With November 24 set as the new date for the holding of the referendum seeking to alter the Grenada Constitution, the Parliamentary Elections Office is calling on more community groups to register to serve as referendum monitors on the day of balloting.
Speaking to reporters at a press conference last week Thursday, Supervisor of Elections, Alex Phillip said the office needs as much monitors as possible in an effort to ensure that there is transparency in the process.
Phillip made a plea for more groups to come in to the office and register to serve as monitors.
“We are looking at community groups and we are saying at least three from each community and not more than five of those groups to register or to show an interest so that we can have persons from the community in these polling stations to observe what is taking place on referendum day”, he said.
“…We would like as soon as possible (for) persons to come in because we would like to have the persons assigned to the different polling stations…two weeks or so before (Referendum Day) would be appropriate for us,” he added.
According to the Supervisor of Elections, it is the first time that a referendum is taking place in the country and in the past persons served as “agents” for the various political parties but now it has to be monitors.
He said the office wants persons to come in and serve as monitors “to ensure that this thing (Referendum) is of a very high standard, the integrity is maintained, there is transparency so at the end of the day whatever results are released, that persons would be happy to say I was at that polling station and this is what happened…it was free and it was fair”.
Phillip responded to concerns raised over the anonymity and security of the process of voting, something he hopes the presence of monitors would curb.
“… We believe in the integrity of what we do and we have a very hard working staff and over the years they would have learnt from experience that persons were saying that when Police voted in the last election that persons knew who the police voted for”, he said.
“In this referendum and we trust that in subsequent elections that would not be a concern.
The numbering that we put in the registration number, they would be on a part that we call the counter foil and that part would not be going into the ballot box. That would be torn off before the voter put his or her ballot into the box.

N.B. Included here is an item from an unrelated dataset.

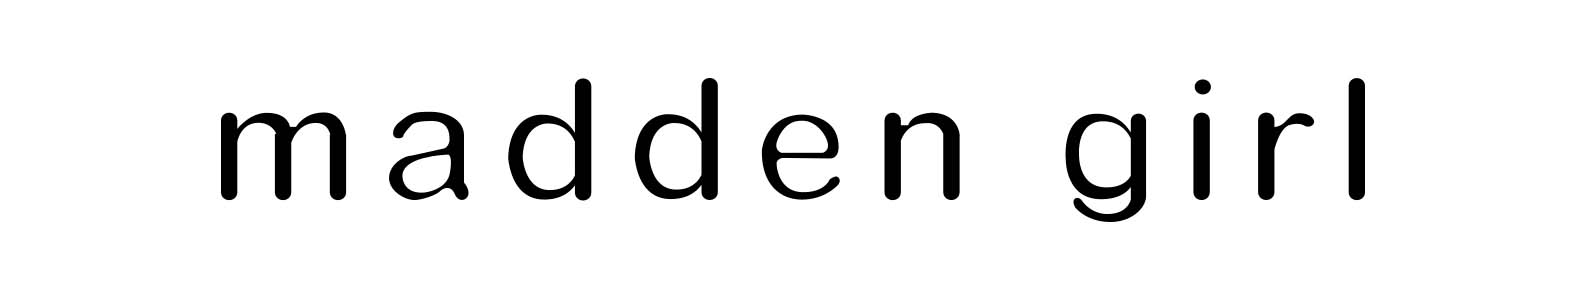 Madden Girl brand header image

“There isn’t anything on the counter foil to match the ballot that is going into the ballot box. The ballot wouldn’t have anything that we can say this is X’s ballot of Y’s ballot…so once that ballot goes inside there, anonymous, nobody would be able to pick it up and say…so persons need not to fear.
Reports had circulated during the 2013 general election process that the vast majority of police officers voted in favour of the current New National Party (NNP) government of Prime Minister Dr. Keith Mitchell.